Hi Becky. Welcome back to beekeeping and to this forum!


----------



## gtwarren1966 (Jul 7, 2015)

Hello back to my hometown of G-town


----------



## AmericasBeekeeper (Jan 24, 2010)

Welcome Becky!


----------



## heaflaw (Feb 26, 2007)

Welcome from just north of you. Gaston Co seems to have a good beekeeping club and you're always welcome to attend Lincoln Co beekeepers meetings which are great. From what I've heard, there are more treatment free beeks in Lincoln than in Gaston.

GOOD LUCK


----------



## BMcBride (Feb 21, 2017)

heaflaw said:


> Welcome from just north of you. Gaston Co seems to have a good beekeeping club and you're always welcome to attend Lincoln Co beekeepers meetings which are great. From what I've heard, there are more treatment free beeks in Lincoln than in Gaston.
> 
> GOOD LUCK


Thanks!

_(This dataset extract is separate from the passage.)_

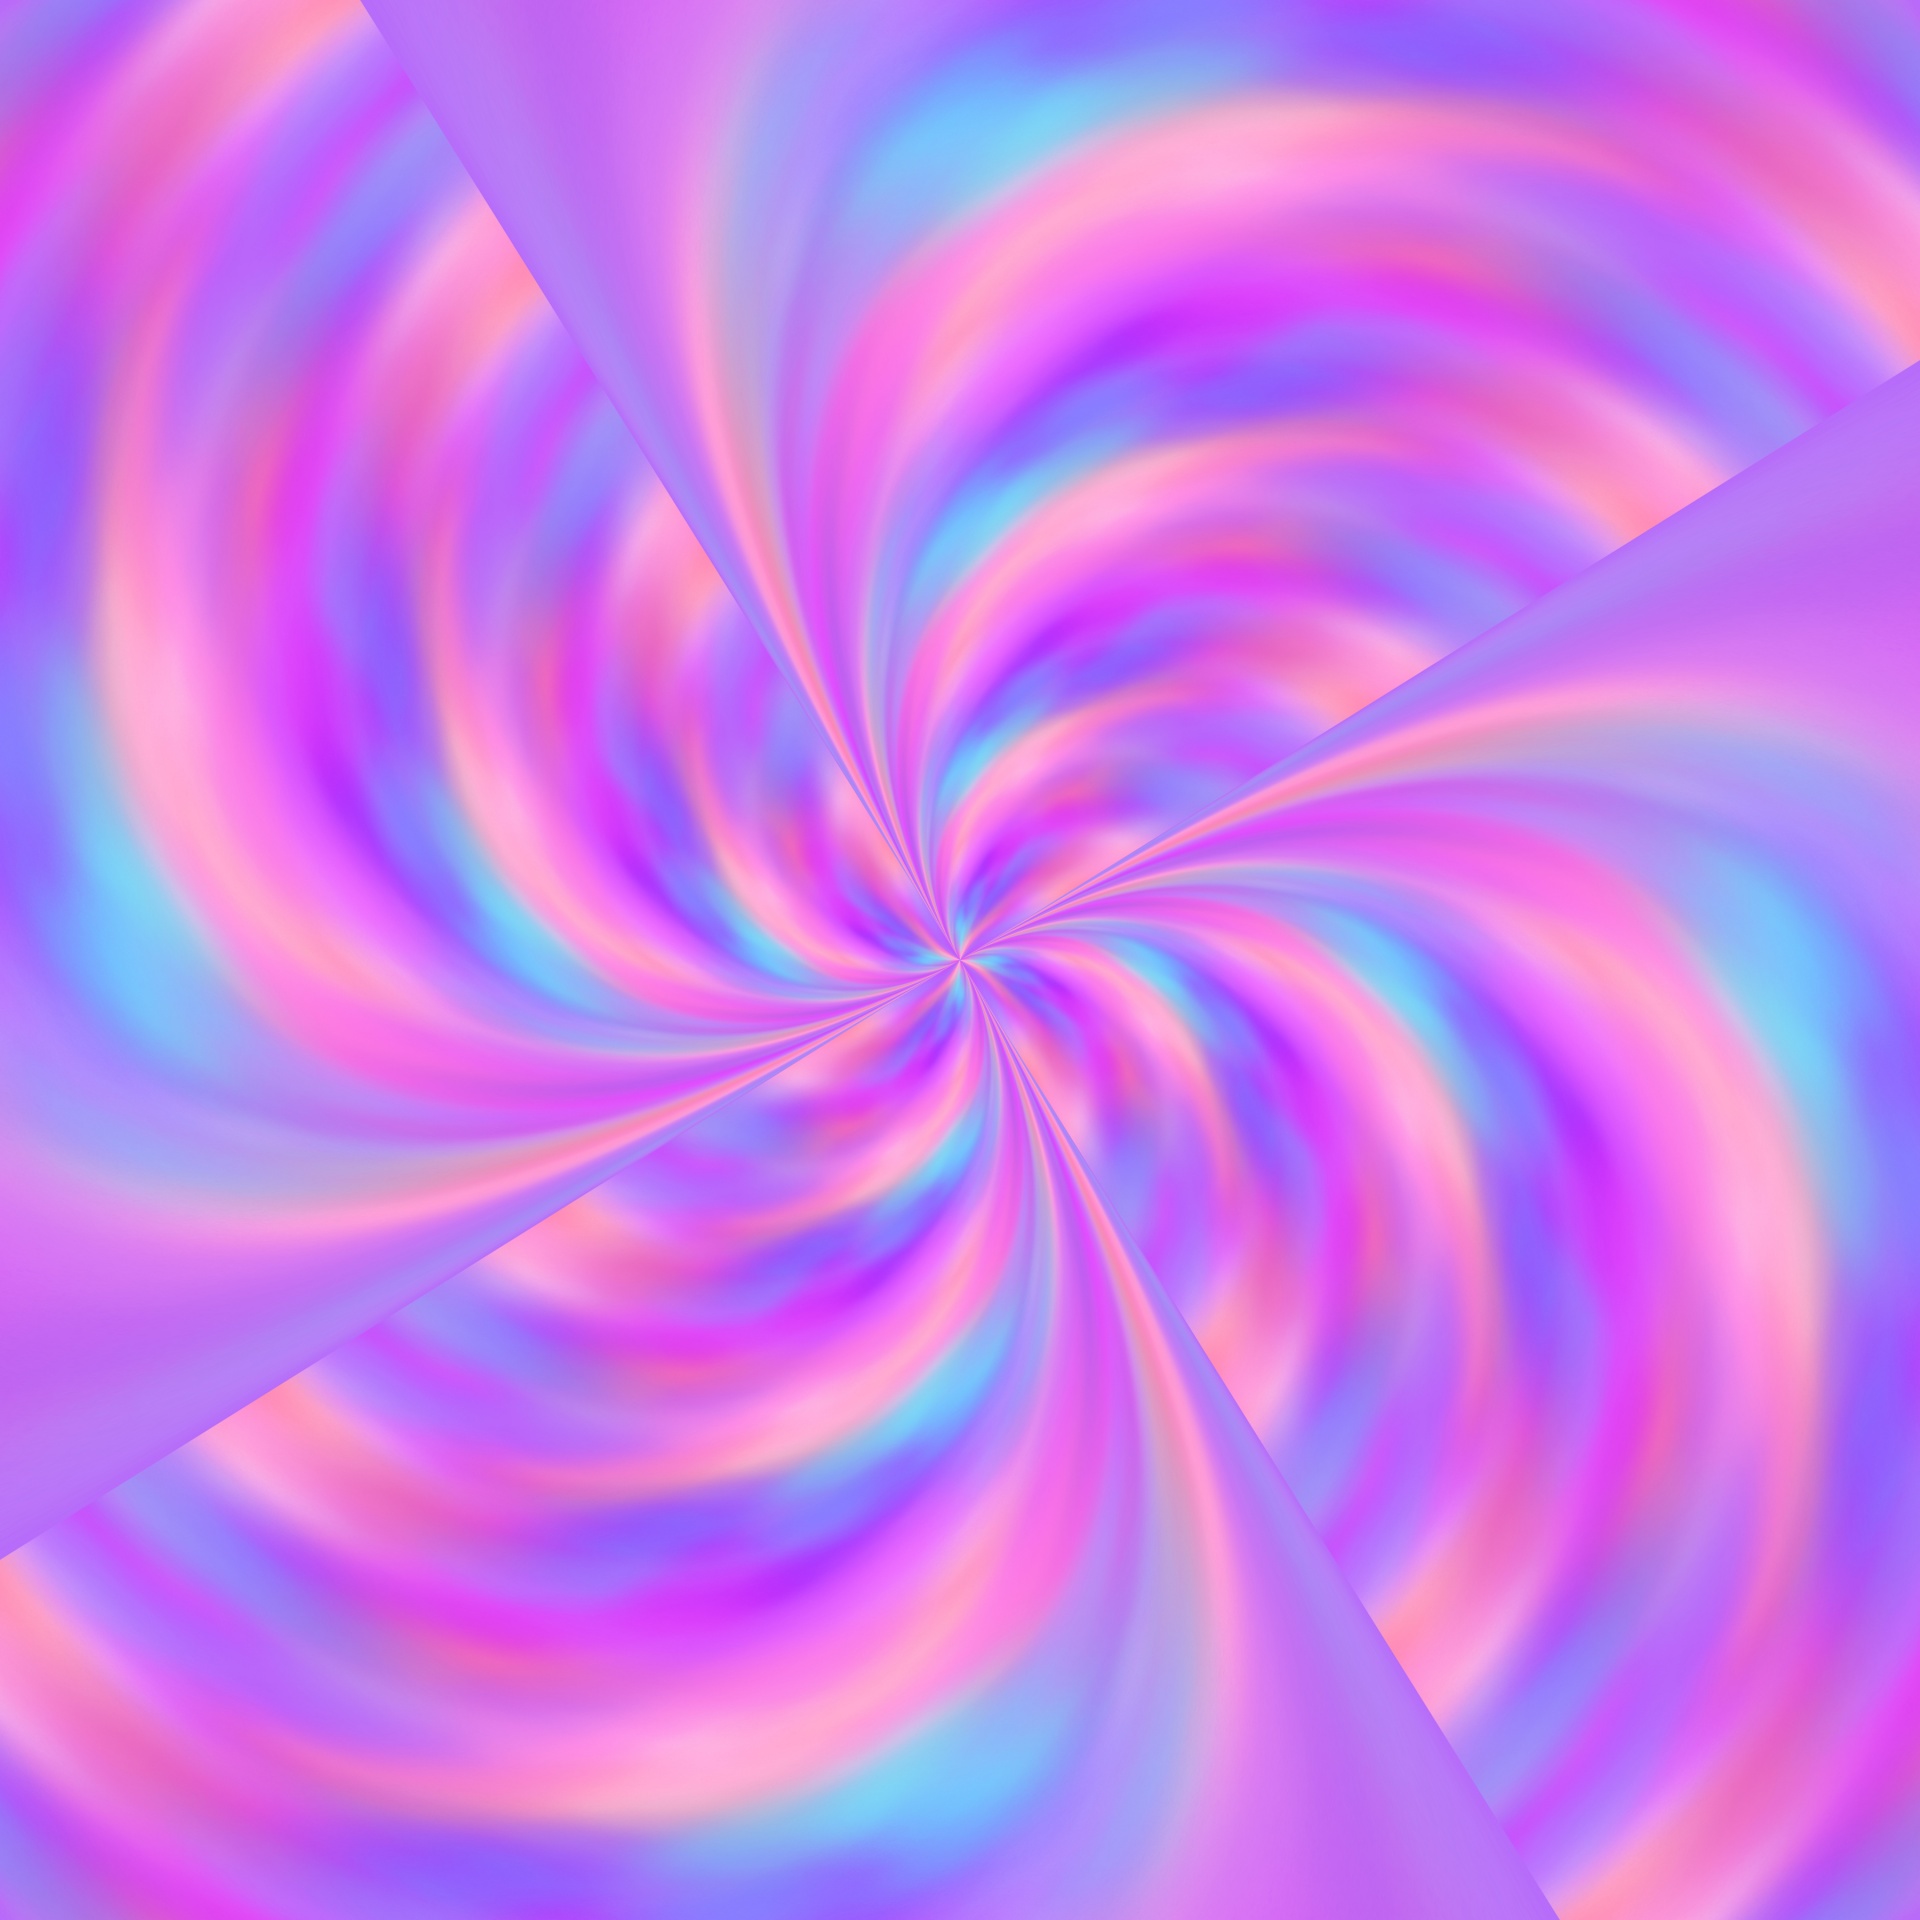 Background design with swirl patterns in fuchsia, orange and blue gradient

I think I will make the trip up to Lincolnton in March for the meeting. Who's a good supplier nearby for TF bees? There's a Gaston meeting tonight I'm going to try to make, too.

Becky


----------



## BMcBride (Feb 21, 2017)

Go heels!


----------



## rwlaw (May 4, 2009)

Welcome


----------



## GaryG74 (Apr 9, 2014)

Welcome to Bee Source and good luck with your bees.


----------